Abstract
Intratumoral genetic heterogeneity has been characterized across cancers, including chronic lymphocytic leukemia (CLL), and presents challenges to therapy as presence of phenotypically diverse cell populations commonly fuels relapse and resistance to treatment. While insights have been previously gained from bulk analysis, further characterization on the single-cell level is needed to more accurately dissect the pathway and regulatory features associated with distinct genetic subclones. In order to more accurately identify subclones, define phylogenetic relationships, and probe genotype-phenotype relationships, we developed methods for targeted mutation detection in DNA and RNA isolated from thousands of single cells from five CLL samples.
To precisely establish the subclonal architecture of the five CLL samples, we first applied targeted single-cell DNA sequencing for detection of mutation and copy number variation using CLL samples previously characterized by bulk whole exome sequencing (WES). Our results identified multiple genetically distinct subclones in four out of five CLL samples. Next, to understand the subclonal architecture and their associated gene expression pattern, we performed single-cell whole transcriptome sequencing (scRNA-seq) and pathway and geneset overdispersion analysis. Although scRNA-seq identified clear transcriptional heterogeneity, these data could neither be used to confidently resolve the genetic subclone structure nor assess the correspondence of genetic structure with the observed transcriptional heterogeneity due to sparseness of coverage at mutation sites of interest. Thus, we developed a targeted RNA approach to assess transcript expression profiles and mutational status in the same single cells. Our approach reliably detects subclonal mutations and enables recapitulation of single-cell DNA information, including phylogenetic structure. Integrative analysis to correlate genotype and phenotype reveals phenotypic convergence between distinct subclones and prompts the idea that convergent evolution generates phenotypically similar cells in distinct genetic branches, thus creating a cohesive expression profile in each CLL sample despite the presence of genetic heterogeneity. Specifically, by clearly resolving phylogenic relationships and simultaneously assessing DNA and RNA-level information from the same single cells, we uncovered mutated LCP1 and WNK1 as novel CLL drivers, supported by functional evidence demonstrating their impact on CLL pathways.
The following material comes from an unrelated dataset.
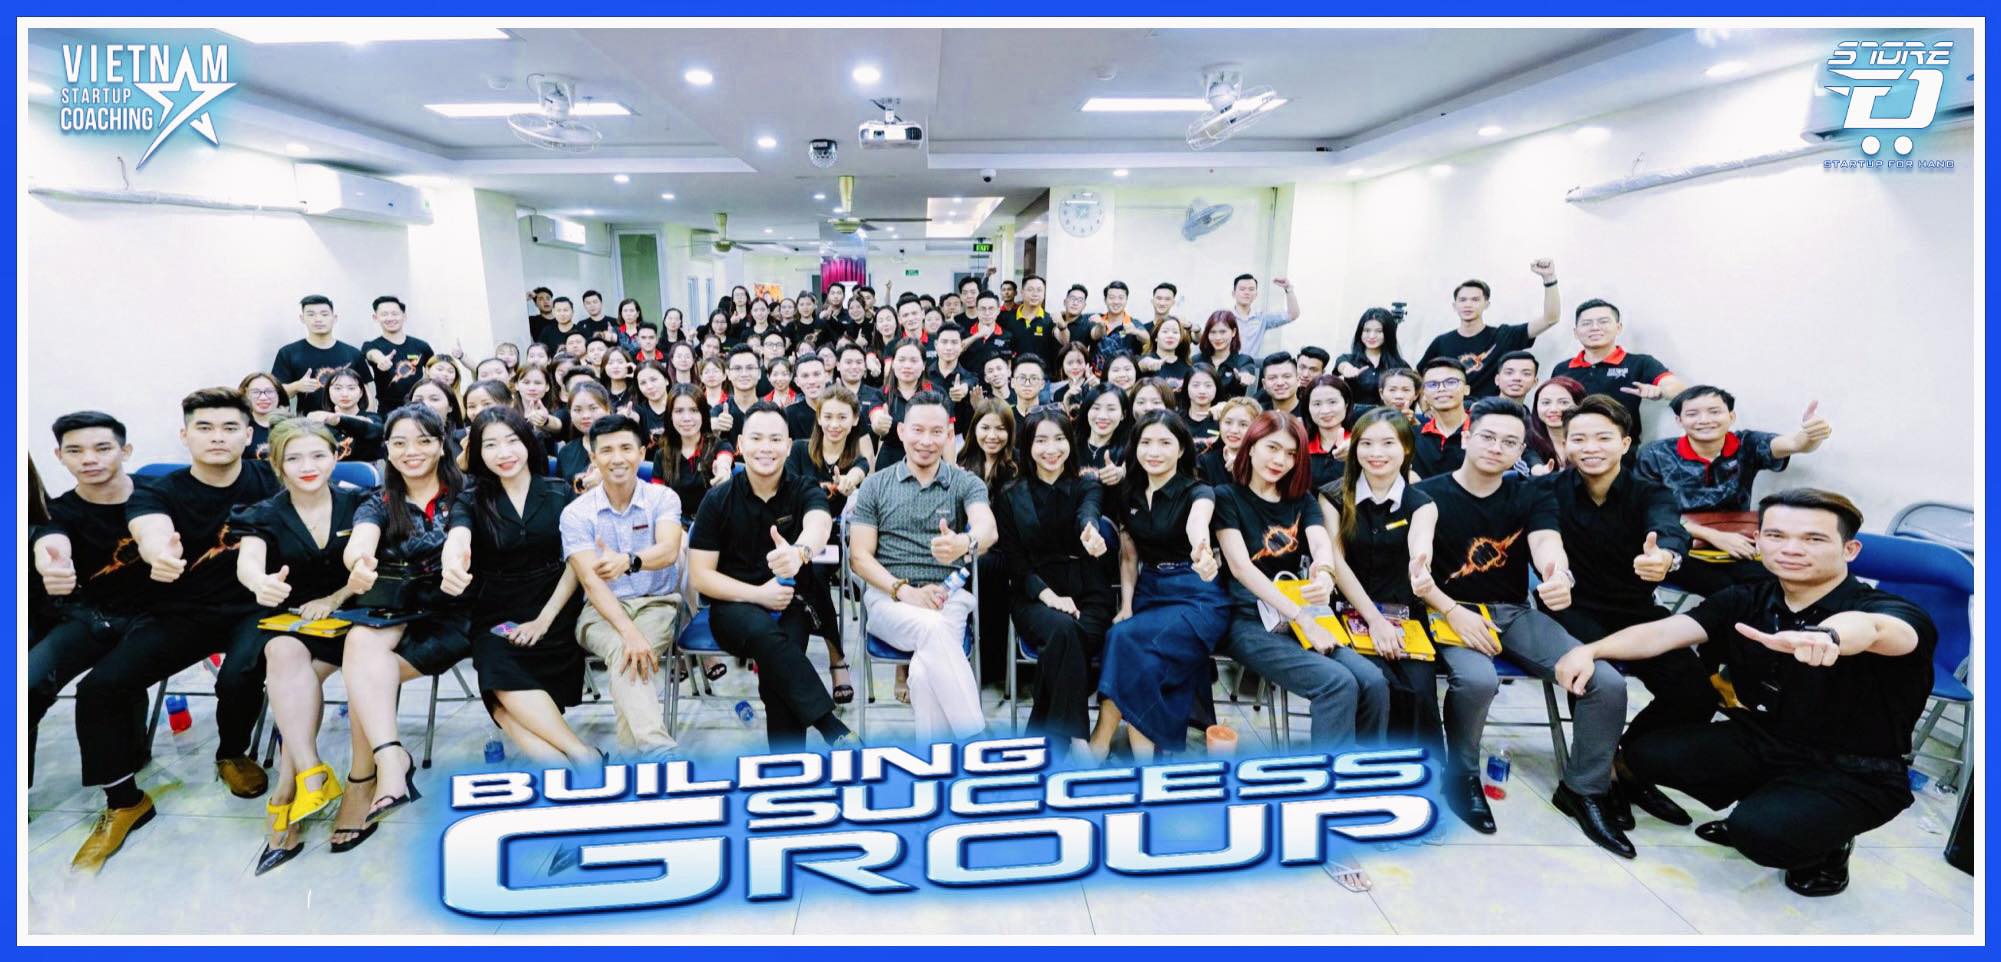 BUILDING SUCCESS GROUP – CÔNG TY DSTORE CN HCM
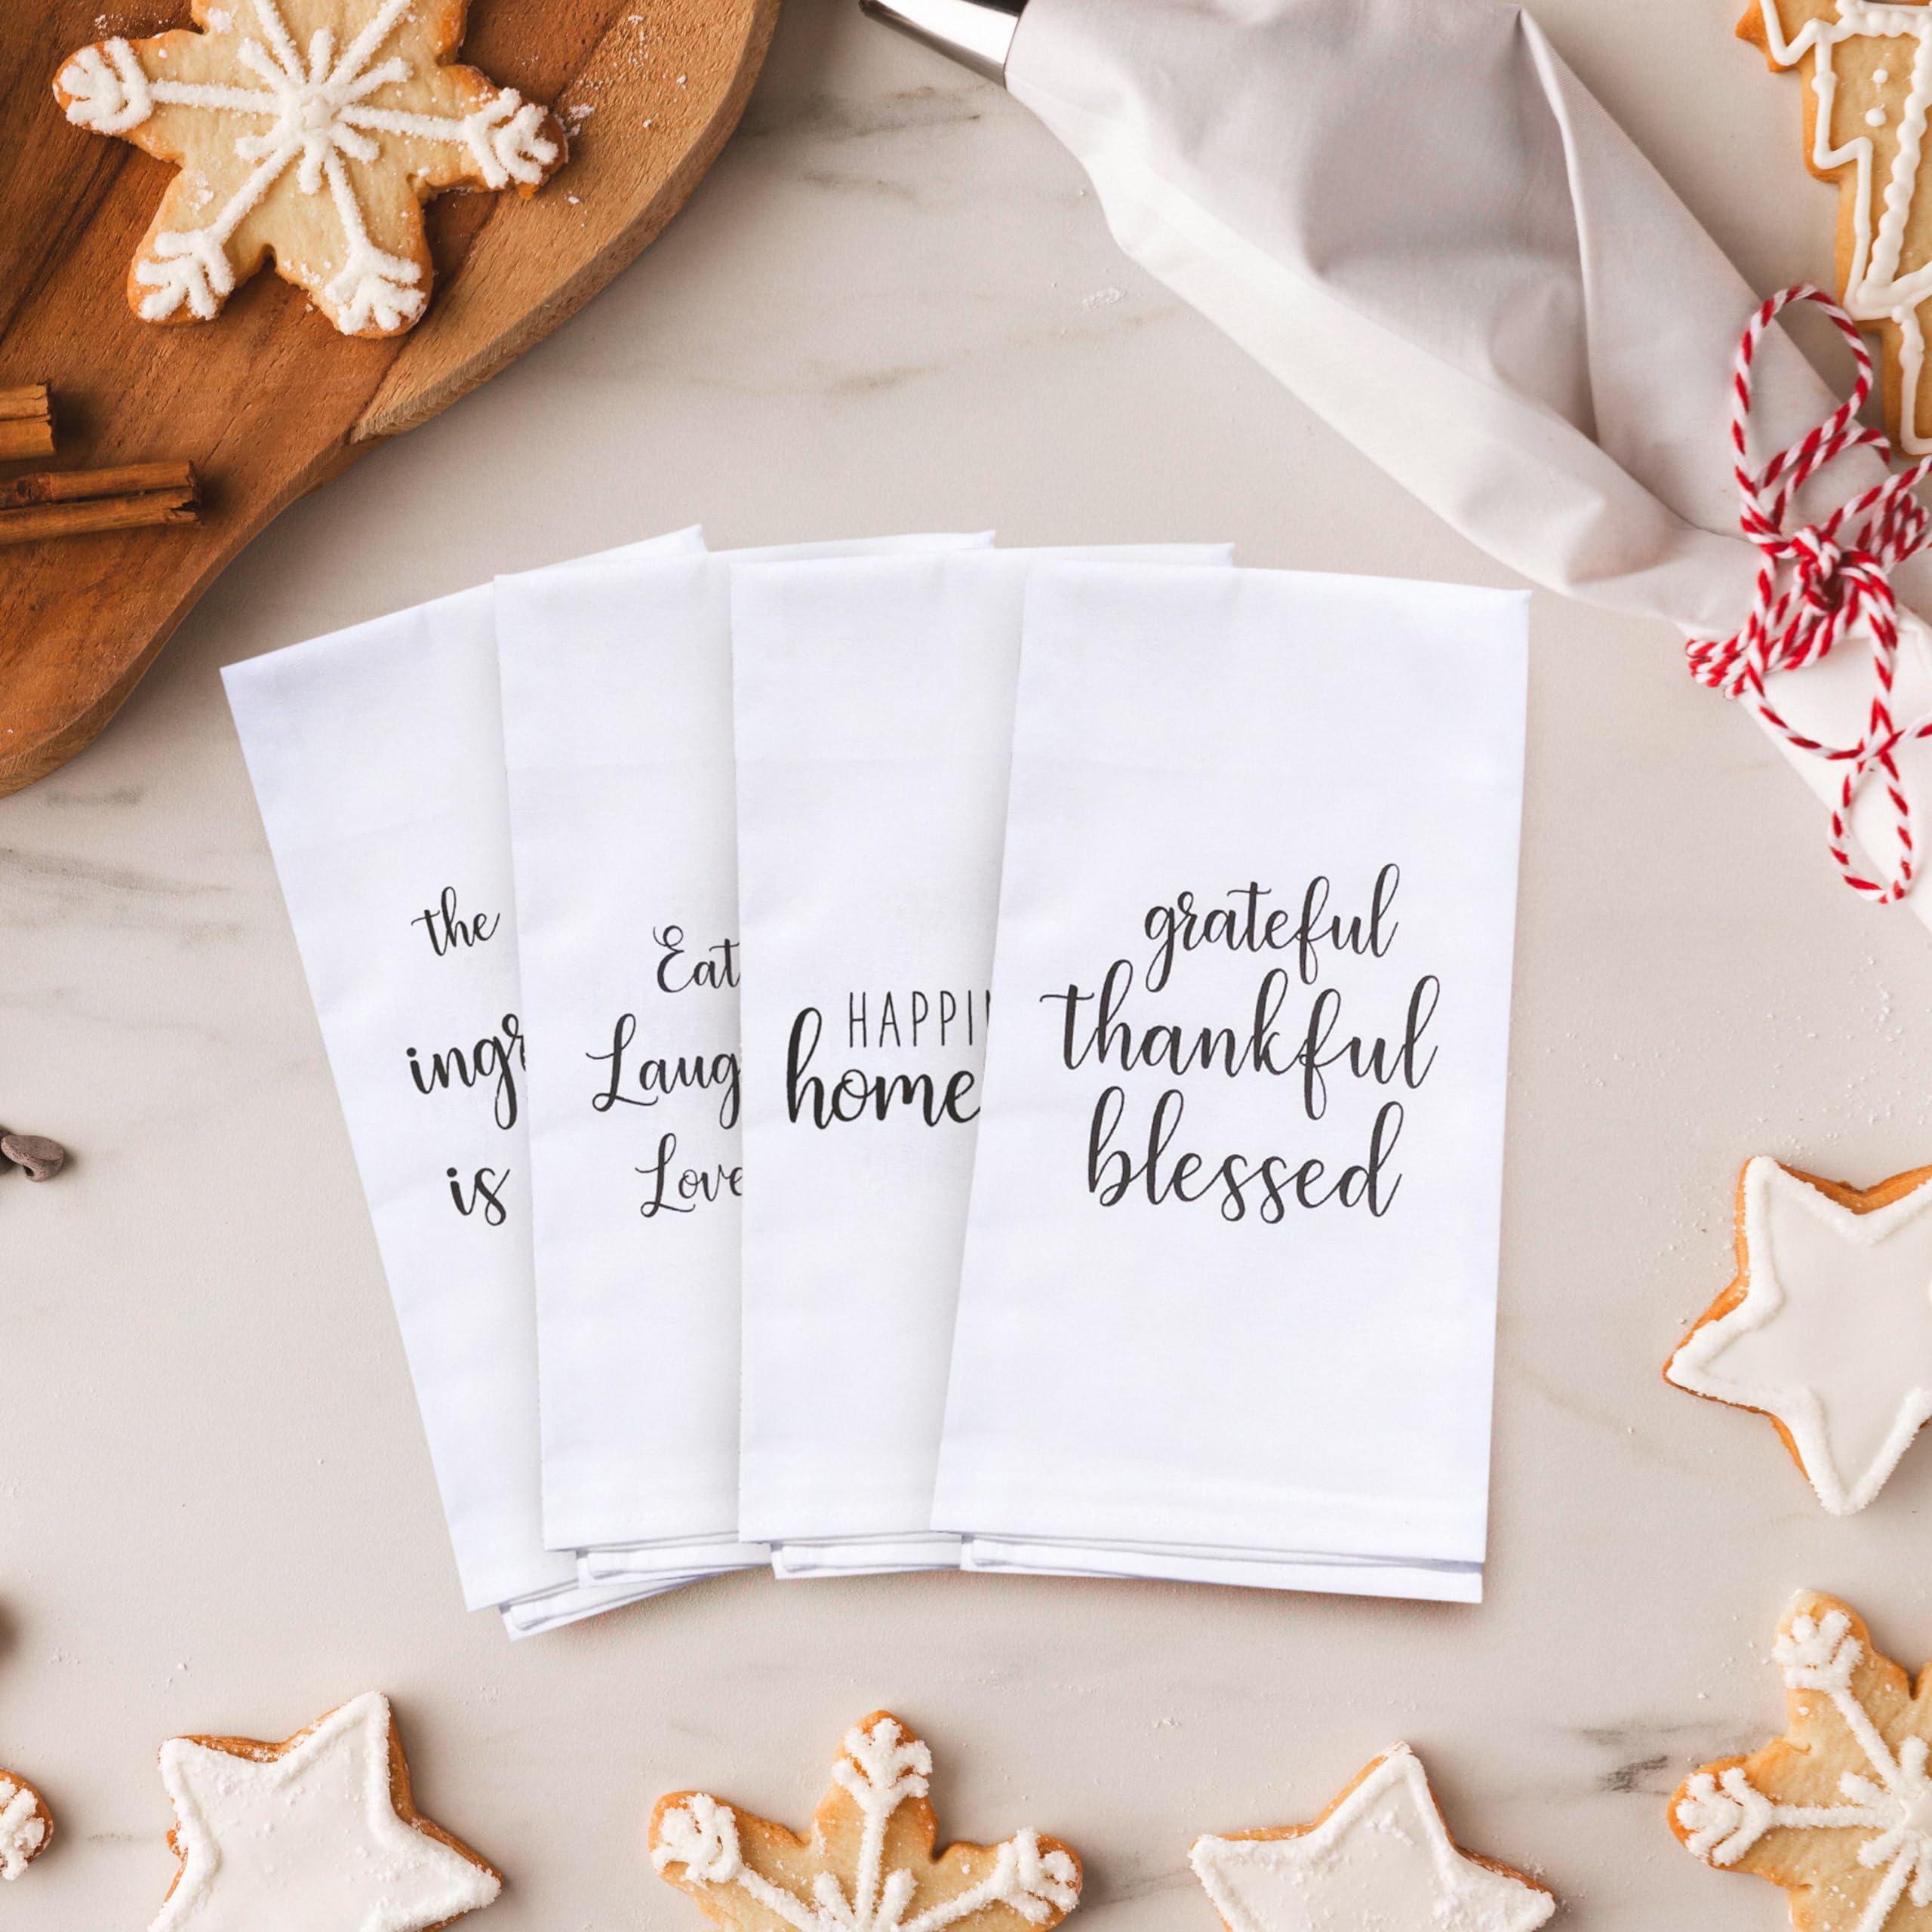 Michael Grace Gifts Decorative Kitchen Towels - Cute Kitchen Towels with Sayings, Cute Tea Towels for Kitchen, Cute Dish Towels, Perfect for Housewarming Gift Christmas Mothers Day Birthday

Overall, we demonstrate the ability to robustly integrate DNA- and RNA-level information in order to dissect the impact of somatic mutations on cellular phenotype. Our study highlights the potential for single-cell RNA-based targeted analysis to sensitively determine transcriptional and mutational profiles of individual cancer cells leading to an increased understanding of driving events in malignancy.
Citation Format: Jean Fan, Lili Wang, Joshua M. Francis, George Georghiou, Sarah Hergert, Shuqiang Li, Rutendo Gambe, Chensheng W. Zhou, Chunxiao Yang, Sheng Xiao, Paola Dal Chin, Michaela Bowden, Dylan Kotliar, Sachet A. Shukla, Jennifer R. Brown, Donna Neuberg, Dario R. Alessi, Cheng-Zhong Zhang, Peter V. Kharchenko, Kenneth J. Livak, Catherine J. Wu. Integrated analysis of targeted single-cell genetic and transcriptional heterogeneity suggests novel drivers of chronic lymphocytic leukemia [abstract]. In: Proceedings of the Second AACR Conference on Hematologic Malignancies: Translating Discoveries to Novel Therapies; May 6-9, 2017; Boston, MA. Philadelphia (PA): AACR; Clin Cancer Res 2017;23(24_Suppl):Abstract nr 27.